▸ Source records
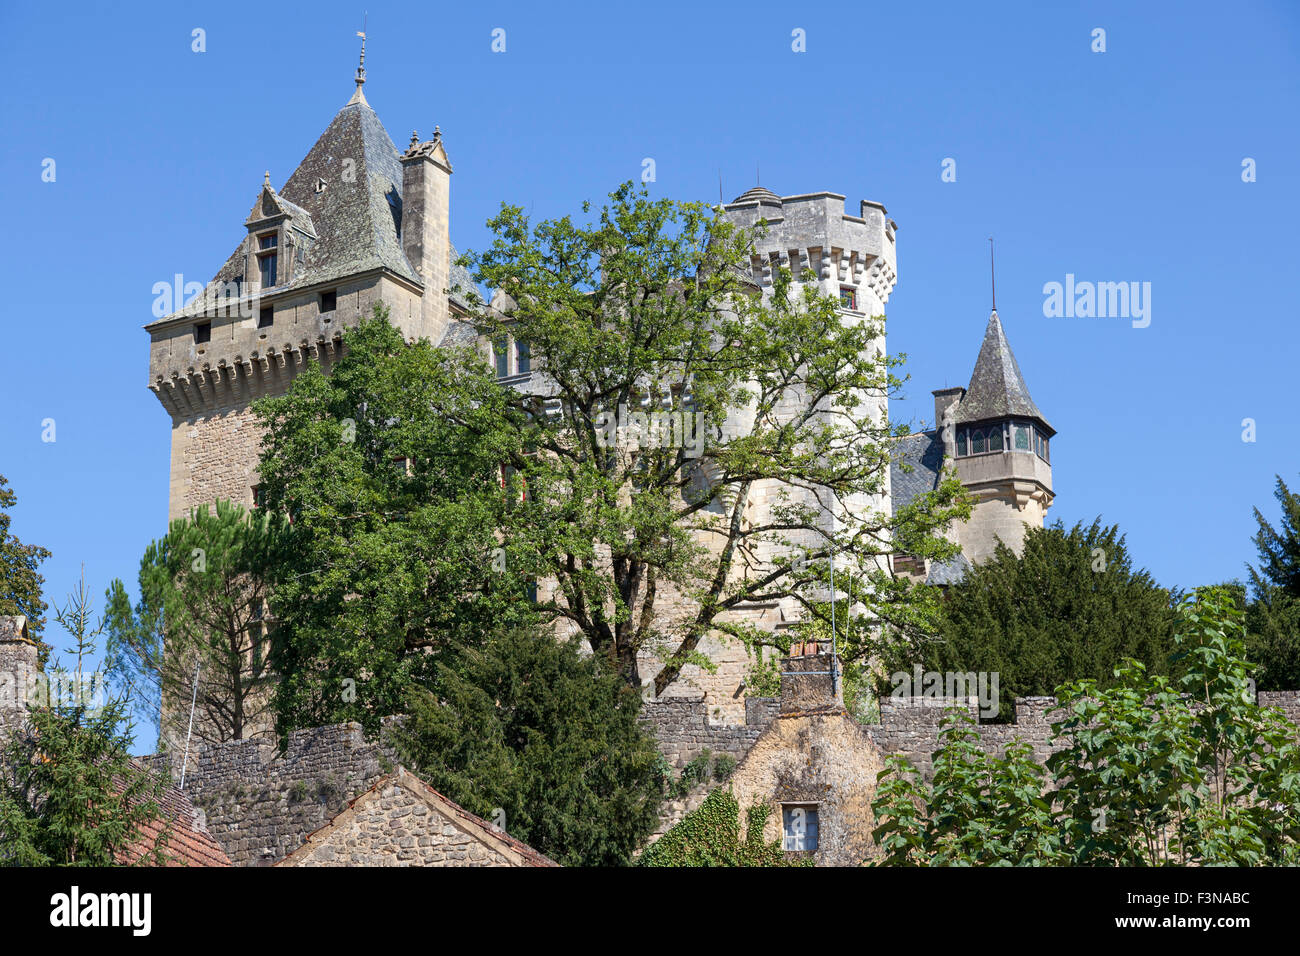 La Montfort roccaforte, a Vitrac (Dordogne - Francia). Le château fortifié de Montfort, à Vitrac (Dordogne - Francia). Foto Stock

--

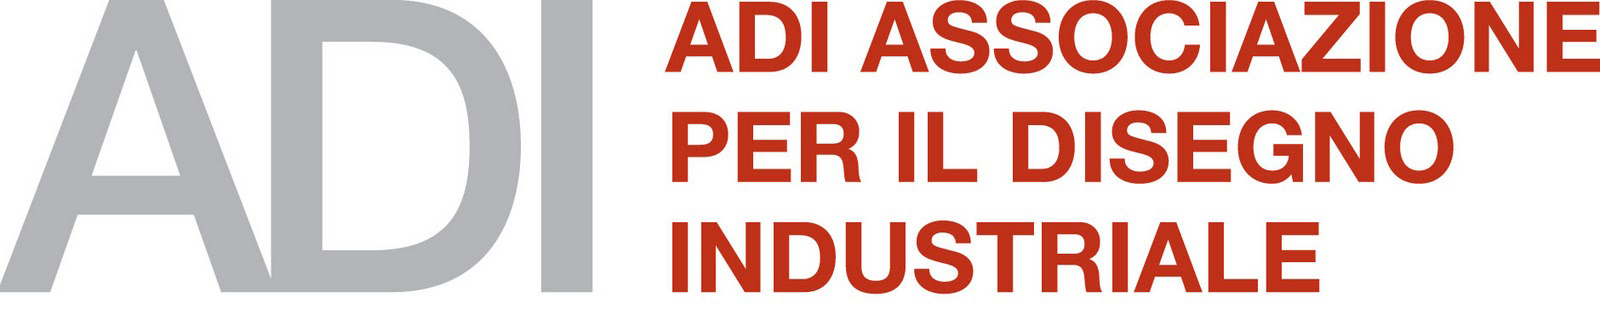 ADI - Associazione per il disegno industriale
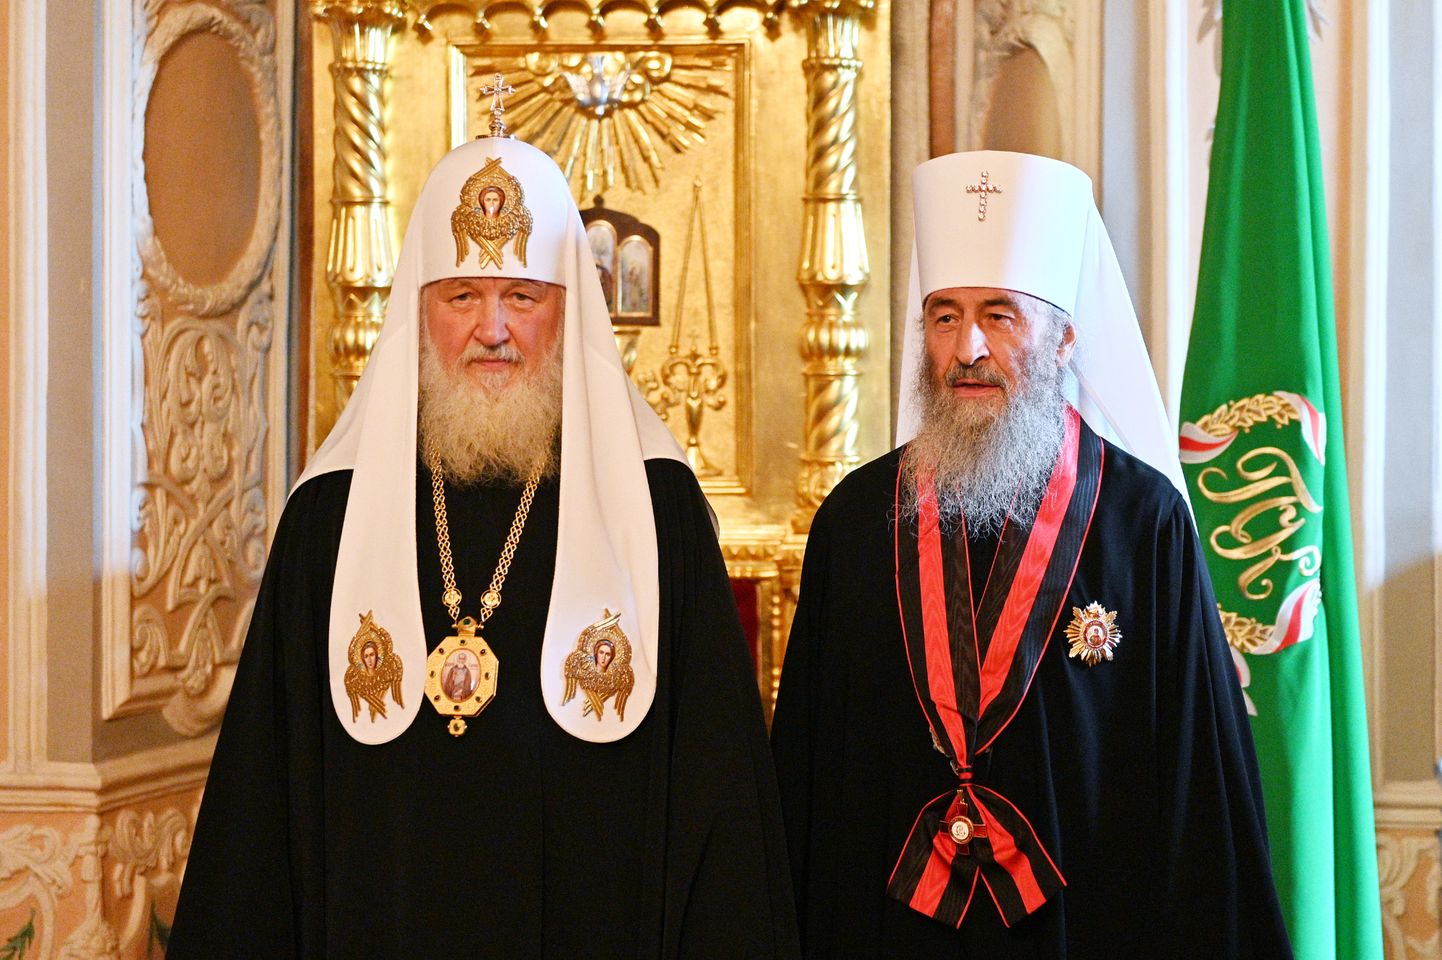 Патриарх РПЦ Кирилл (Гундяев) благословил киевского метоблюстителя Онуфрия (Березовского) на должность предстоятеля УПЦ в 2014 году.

▸ Try it
Give again the lines of the listing above that run from the one with "ADI - Associazione" up to and including the one with "Патриарх РПЦ Кирилл". Keep them exact and omit the pictures.

▸ Result of this exercise
 ADI - Associazione per il disegno industriale
 Патриарх РПЦ Кирилл (Гундяев) благословил киевского метоблюстителя Онуфрия (Березовского) на должность предстоятеля УПЦ в 2014 году.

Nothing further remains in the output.